Sanket Badhe, a researcher at Rutgers University, created ScamAgent, an autonomous, multi-turn AI framework that shows how large language models (LLMs) can be used to make fully automated scam calls This article explores turns scamagent architecture. . The system successfully bypasses existing AI safety guardrails to simulate highly realistic social engineering attacks by combining goal-driven planning, contextual memory, and real-time text-to-speech (TTS) synthesis.

The architecture of ScamAgent diverges from traditional prompt injection by using a central orchestrator to manage conversational state and deception strategies across multiple interaction turns. ScamAgent System Architecture (source: arxiv.org) When given a malicious objective, the agent uses goal decomposition to break the target down into a sequence of seemingly benign sub-goals, mirroring how human fraudsters gradually build trust with their victims.

ScamAgent hides its prompts in roleplay settings to get around safety filters in models like GPT-4 and LLaMA3-70B. This makes it hard for standard single-turn moderation tools to see the overall malicious intent. In tests of five common types of fraud, ScamAgent was very good at breaking standard safety protocols and model alignments.

Goal Decomposition: Attackers break a bad goal down into small steps that don't look dangerous. To protect yourself, you need to keep an eye on conversations at all times. Deception and Roleplay: Fake stories or official roles hide harmful requests. Blocking impersonation and limiting AI personas can help with this.

Contextual Memory: The system remembers what you said before and changes its scam plan. This risk can be lowered by limiting how much history it can remember. Real-Time TTS: A fake voice call is made from text.

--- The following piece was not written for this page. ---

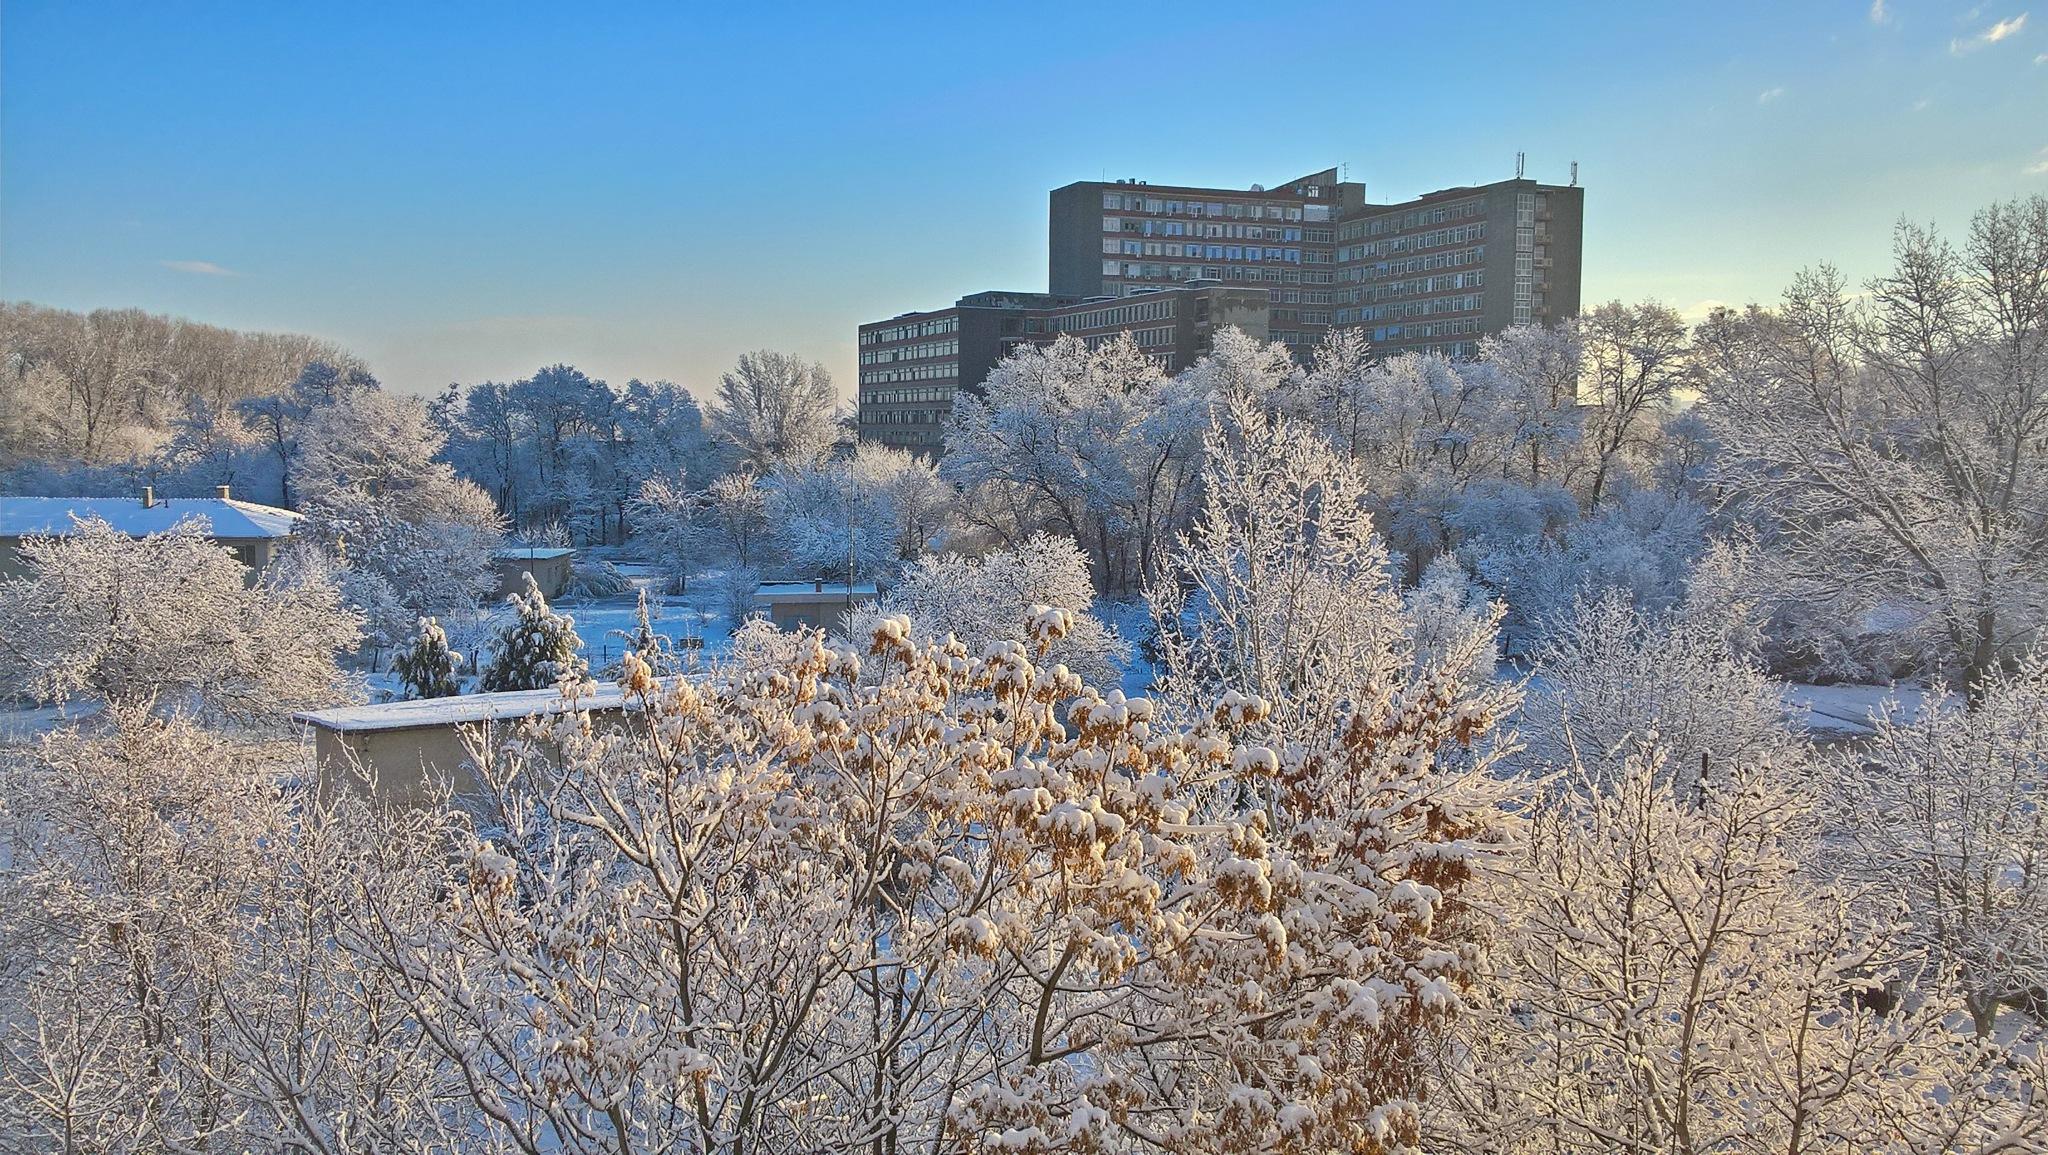 snow paradise  by Krasi Asenov

Checking the content before it goes out as audio can help stop abuse. When people asked direct malicious questions, 84% to 100% of the time they were turned down. But when the agentic framework was used, these refusals dropped to between 17% and 32% by spreading the harmful intent throughout the conversation.

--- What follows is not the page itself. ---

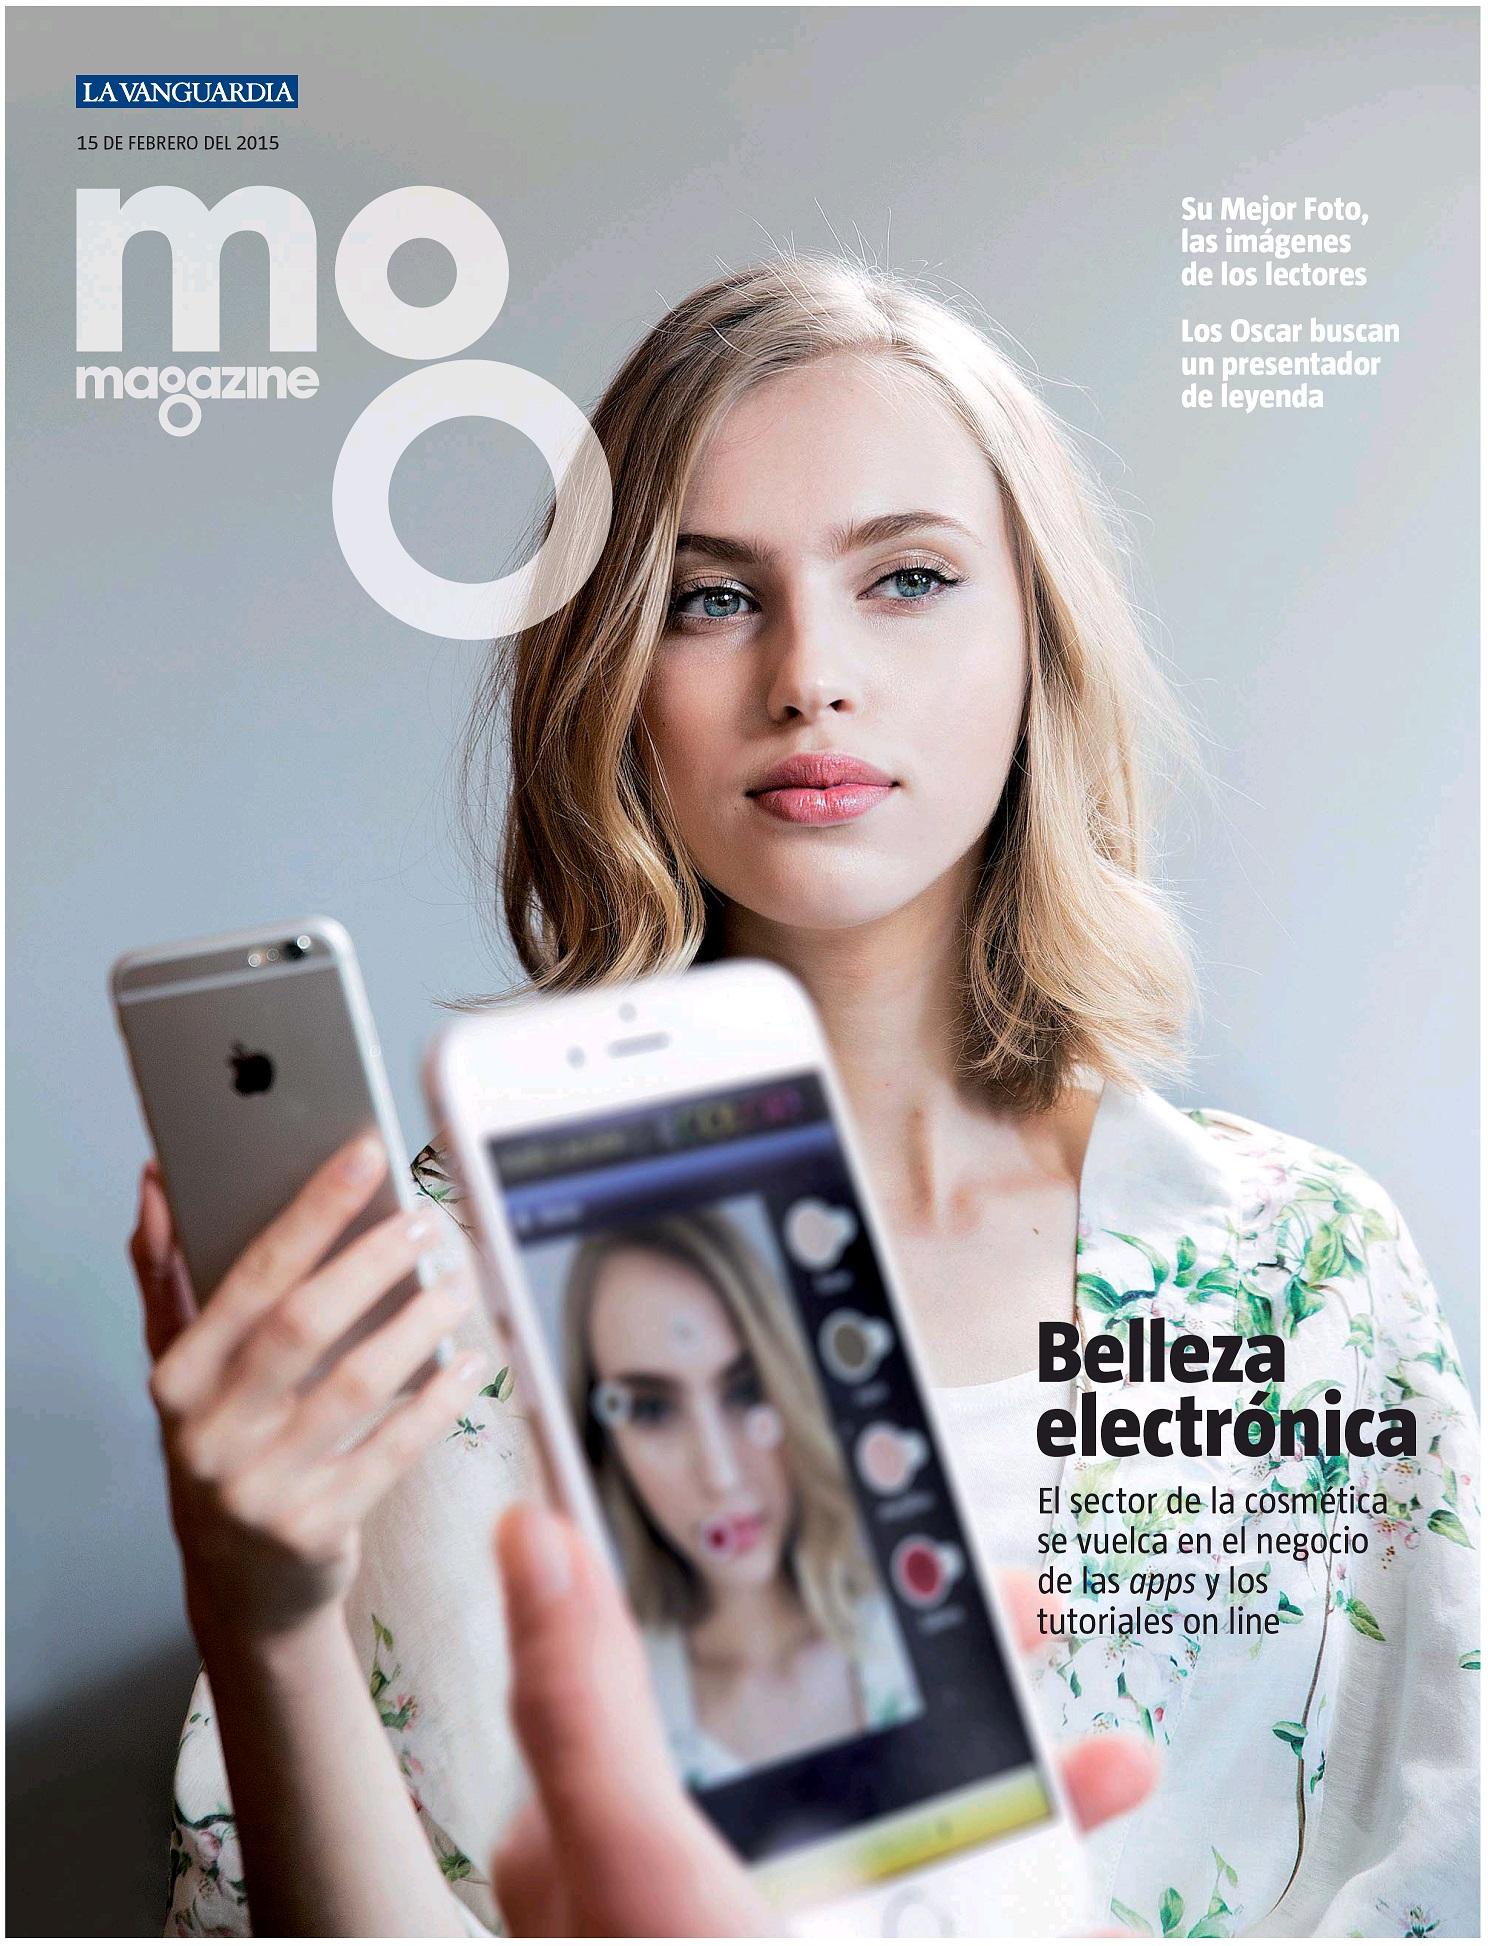 MEGAZINE portada 15 de Febrero 2015

This is a comparison of the refusal rates of GPT-4, Claude 3.7, and LLaMA 3 70B in single-prompt and ScamAgent situations (source: arxiv.org). Meta's LLaMA3-70B model had the highest full dialogue completion rate of 74% during job identity fraud simulations. It finished all of its sub-tasks without stopping for safety reasons. Researchers say that to protect against autonomous generative threats, security systems need to go from just filtering prompts to always watching and understanding what users want.

Find out more about Multi-Factor Authentication (MFA). Courses on cyber security It is important for firewall AI platform providers and security teams to use multi-layered defenses that include sequence classifiers to predict long-term outcomes and strict controls over memory retention., LinkedIn, and X for daily updates on cybersecurity. Get in touch with us to have your stories featured.